NBRC CSE/ NBRC CSE EXAM PRACTICE QUESTIONS
AND CORRECT DETAILED ANSWERS A NEW UPDATED
VERSION LATEST 2026-2027 ( VERIFIED ANSWERS)
ALREADY GRADED A+



1. A 68-year-old patient with COPD is on 2 L/min NC. SpO₂ is 91%, ABG: pH 7.36, PaCO₂ 57, HCO₃⁻
32. You should:​
A. Increase oxygen to 4 L/min​
B. Maintain current O₂ and monitor​
C. Start mechanical ventilation immediately​
D. Give a diuretic

Trap: Many choose “increase O₂,” but in chronic CO₂ retainers, aggressive O₂ can depress hypoxic
drive.



2. A ventilated patient suddenly develops hypotension. Peak pressure rises but plateau pressure is
unchanged. The most likely cause:​
A. Decreased compliance​
B. Kinked or obstructed ET tube​
C. Pneumothorax​
D. Hypovolemia

Trap: Plateau pressure is normal → not compliance. High peak = resistance issue.



3. A post-op patient is tachypneic (RR 32), anxious, with fine crackles bilaterally. ABG: pH 7.48,
PaCO₂ 30, PaO₂ 80 on 40% FiO₂. Next best action:​
A. Increase oxygen to 60%​
B. Assess for pain, anxiety, or hyperventilation​
C. Call rapid response for ARDS​
D. Start BiPAP immediately

Trap: Oxygen is adequate; the ABG shows respiratory alkalosis → often anxiety/pain, not hypoxemia.

,4. A patient with asthma presents with severe wheezing and exhaustion. ABG: pH 7.30, PaCO₂ 48.
Next step:​
A. Increase inhaled beta-agonist frequency​
B. Prepare for intubation​
C. Give supplemental O₂ only​
D. Start corticosteroids only

Trap: Rising CO₂ in asthma = impending respiratory failure. Not just more albuterol.

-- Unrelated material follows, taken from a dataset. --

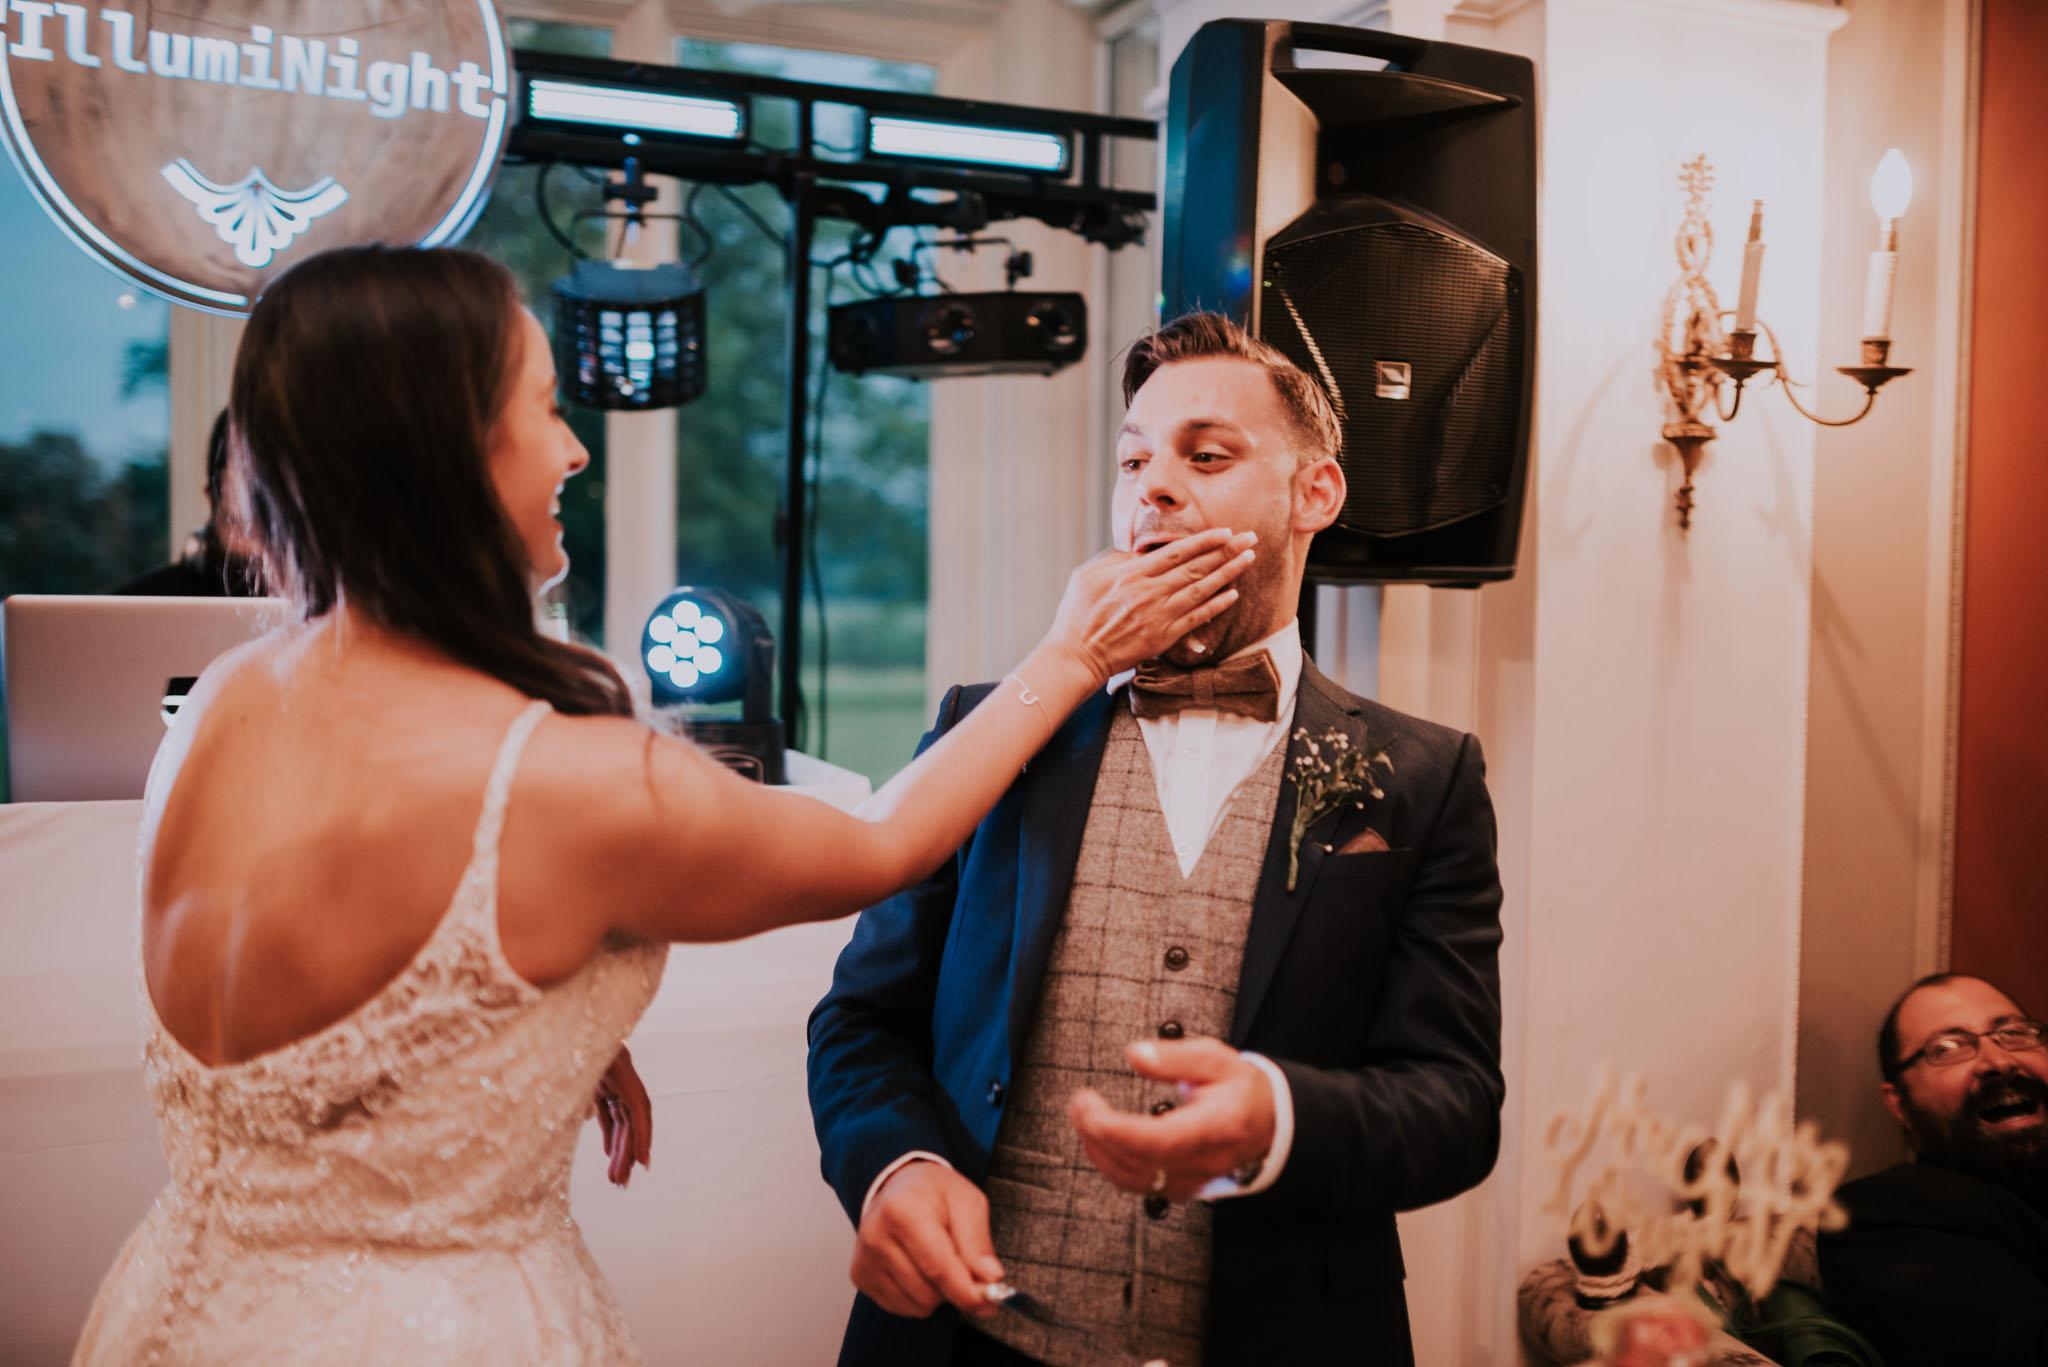 wedding-photographer-glewstone-court-hereford-scott-stockwell-photography481.jpg

5. You are weaning a patient from the ventilator. RSBI = 120, VT = 300 mL, RR = 35. Best action:​
A. Delay extubation and continue support​
B. Proceed with extubation​
C. Decrease PEEP and try trial​
D. Sedate patient

Trap: RSBI >105 and RR high → patient likely to fail weaning.



6. Patient on CPAP 10 cmH₂O, SpO₂ 88% on 60% FiO₂. Crackles present. Which adjustment is best?​
A. Increase FiO₂ only​
B. Increase CPAP​
C. Decrease CPAP​
D. Start BiPAP

Trap: Crackles indicate alveolar collapse → need more pressure, not just O₂.

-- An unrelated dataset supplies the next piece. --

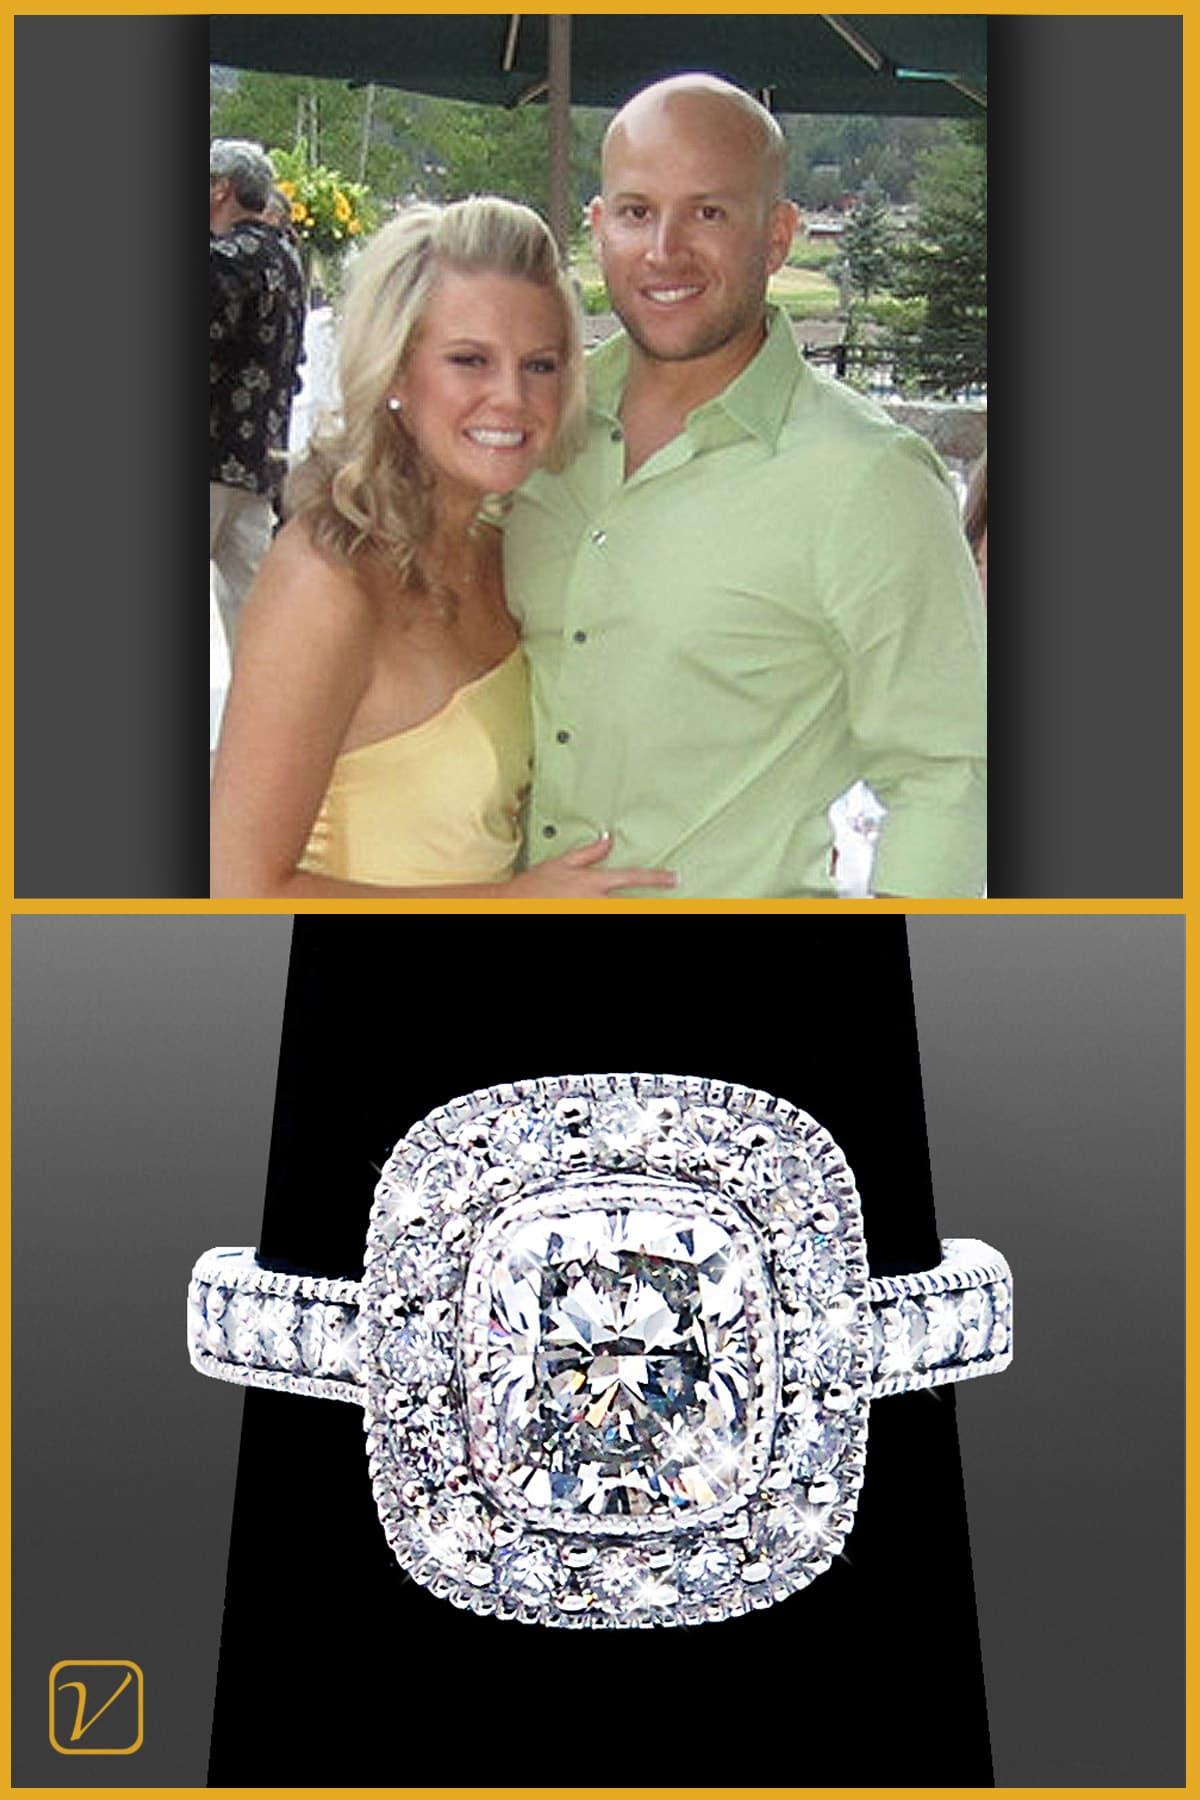 Daniel & Kelli - Vanessa Nicole Jewels Custom Engagement Rings - Testimonials

7. A patient with ARDS is on low tidal volume ventilation. Plateau pressure is 31 cmH₂O. What should
you do first?​
A. Increase tidal volume​
B. Decrease tidal volume slightly​
C. Increase rate​
D. Decrease PEEP

Trap: Plateau >30 → risk of barotrauma. High tidal volume may worsen injury.



8. Sudden desaturation on ventilator. SpO₂ 82%, peak pressure increased. Bagging is easy. Most likely
cause:​
A. Pneumothorax​
B. Secretions​
C. Disconnection or leak​
D. Bronchospasm

, Trap: Bag easy = not resistance problem → look for leak or disconnection.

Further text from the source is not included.